Fundraising is something that organizations can invest in. The growth capital that VolunteerMatch is looking for is not sustainable funding. It is a onetime investment that will be used in part to build a sustainable stream of fees and donations.

A sustainable operating model that relies on fundraising (as most all nonprofits must, otherwise they should ask why they are not a for-profit), must be able to budget on certain fundraising goals. Not a fundraising budget that is whatever size fills the gap between expenses and revenue, but a budget that is based on reliable projections.

5 Comments

  1. Dave Stoker says:

    “The growth capital that VolunteerMatch is looking for is not sustainable funding. It is a onetime investment that will be used in part to build a sustainable stream of fees and donations.”

    This is the model I’m working with at Ashoka’s Citizen Base Initiative (www.citizenbase.org) currently done through an idea competition model.

    I completely agree that a ‘sustainable’ nonprofit does not mean they must have social enterprises or earned income streams attached to their organization but they do need a base of support that is stable and predictable in feeding resources to the nonprofit (can be money, volunteer hours, in-kind, stable partnerships).

  2. Jeremy Gregg says:

    Thanks for taking the time to respond. This is helpful, although I still struggle with understanding how I might adopt these same principles at my organization, Central Dallas Ministries.

    Our 2008 operating budget is just over $9 million. Much of that is secure through federal grants and such, but a significant portion — over 50% — comes from charitable donations. We have thankfully increased charitable giving by 20-30% each year for the past few years, but this is hardly a “model” for sustainability.

    We definitely put the *faith* in the “faith-based organization” title.

    One good example is our health clinic: it’s annual budget is over $2M. About half of that comes in the form of in-kind support from our major partners at the Baylor Health Care System.
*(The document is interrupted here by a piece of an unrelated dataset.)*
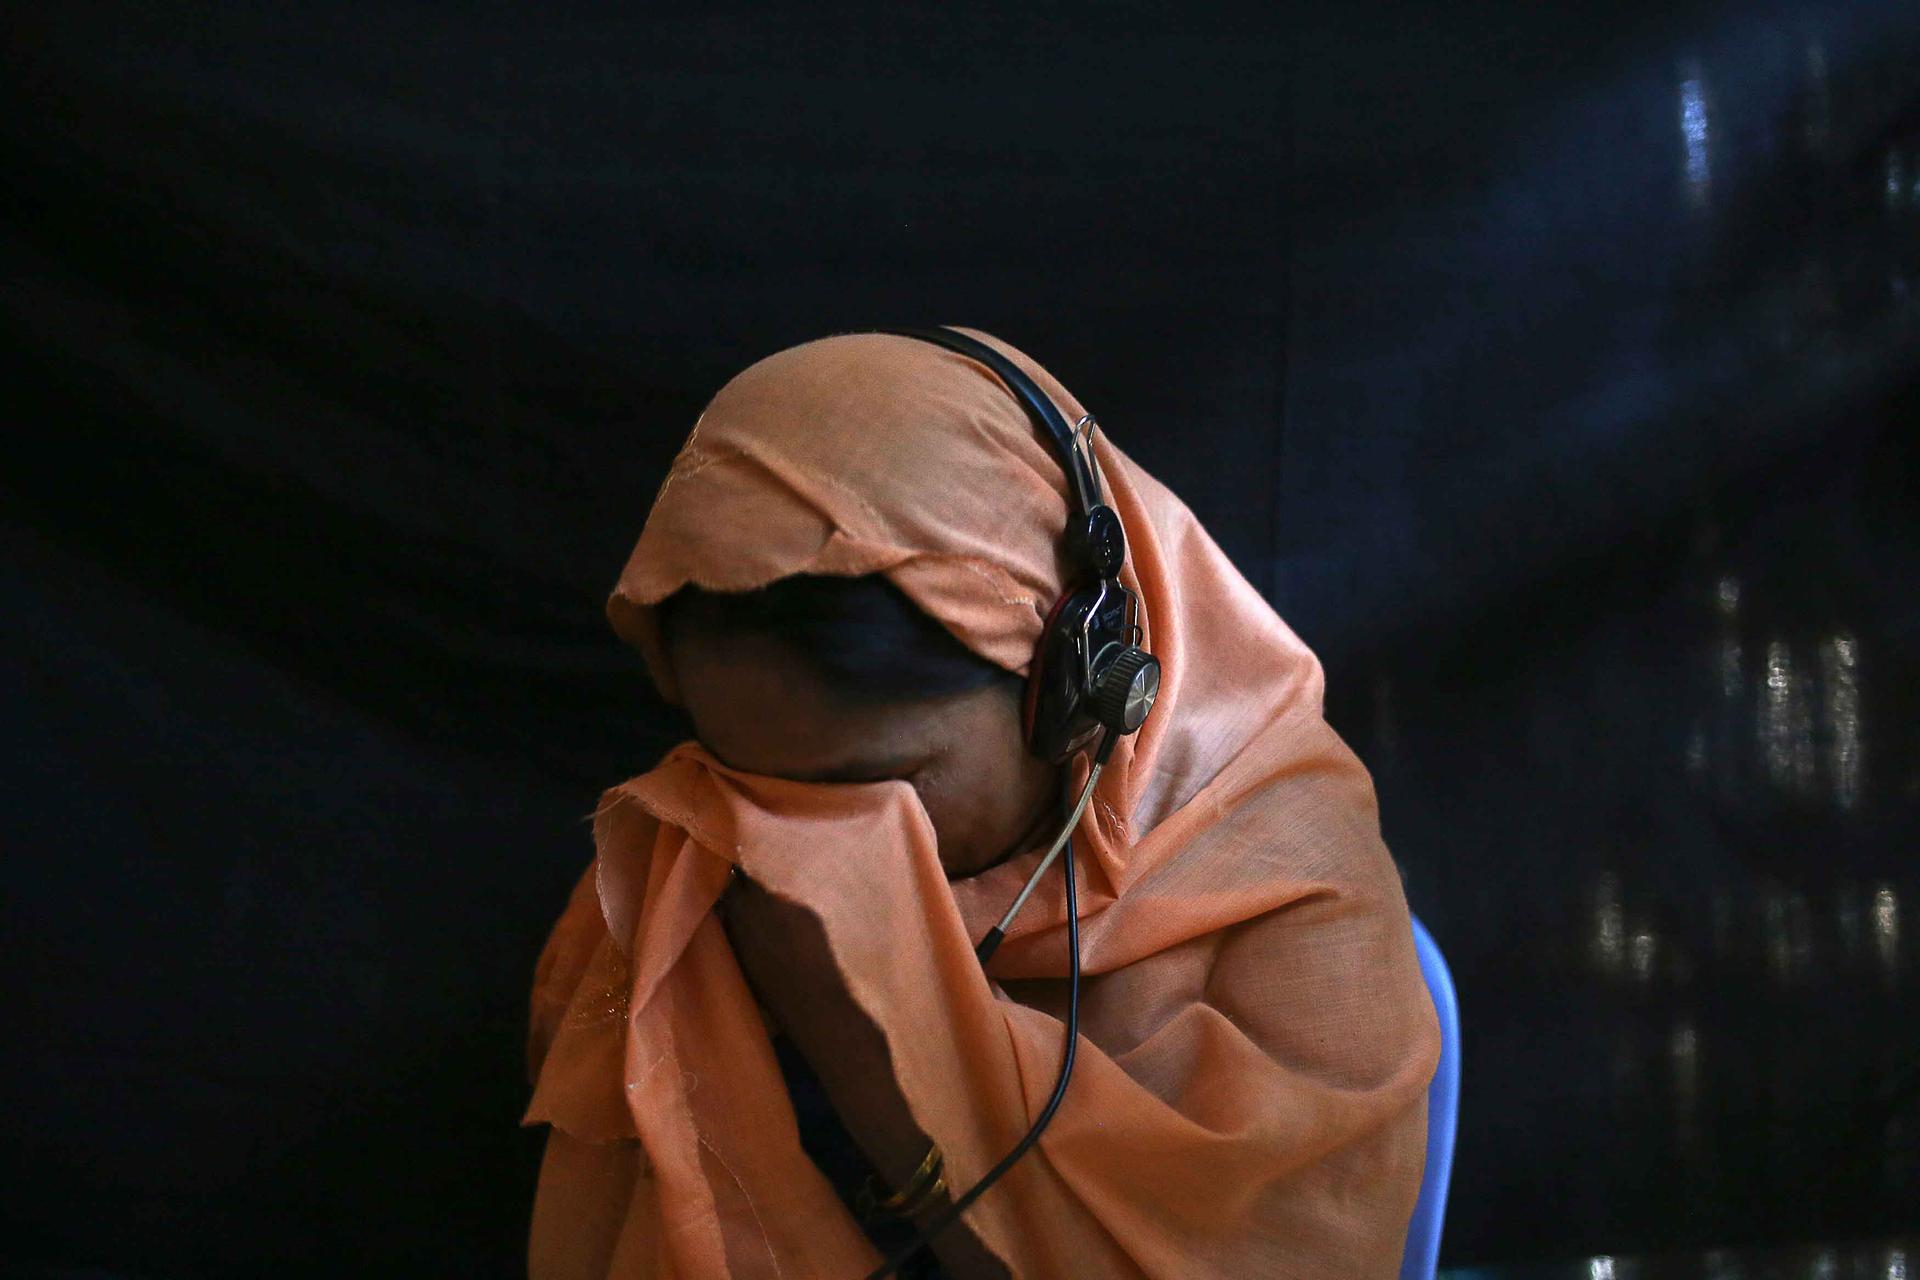 Rahana, a 32-year-old Rohingya, cries as she talks with traffickers from an Internet hut. She has already sent $1,100 to the trafficker who is holding her 12-year-old son ransom at a camp along the Thailand-Malaysia border. The trafficker wants another $3

We also charge about $200K or so per year in fees to clients.

    That leaves a sizable chunk — $800K, or 40% — to be entirely funded by charitable gifts. This inevitably causes an enormous drain on the general/unrestricted fund.

    I would love to find a way to craft an argument for large amounts of “growth capital” for this clinic, which will soon double its capacity by expanding to a new facility. Without a massive infusion of cash, I am not sure how we can navigate this transition…

    Ideas?

  3. Jeremy, your question is a good one. I’ll note that Citizen Base, which Dave mentions above, lists faith organizations as ones with a natural “citizen base” of sustainable support. You should check out the website.

    Rather than respond to you directly, I’ve asked the people at Nonprofit Finance Fund to respond to you. Not sure if they’ll have time.

  4. Dave Stoker says:

    Here are two examples we’ve collected that have dealt with clinics:

    http://www.citizenbase.org/en/node/2876

    http://www.citizenbase.org/en/node/2879

    I do not know the details of the Central Dallas Ministries but perhaps you have a large natural citizen base starting with your church membership that you have not yet fully tapped. I think of volunteer hours, connections to in-kind donations, a built-in marketing team.

  5. Jeremy Gregg says:

    We raise about $1-1.5M of our $9M annual operations budget from individuals, and around $200K directly from churches. We are seeking ways to aggressively expand that, but we are not sure if the invest of time and resources will yield the significant capital that we need to fully realize our capacity.

    I’ve thought about contacting Good Capital about this, given their interest in healthcare, but am not sure how to build the proposal. The clinic is based on a charitable model, and the fees collected from patients barely represent 20% of the overall costs (not including the doctors and nurses, who are provided by partners).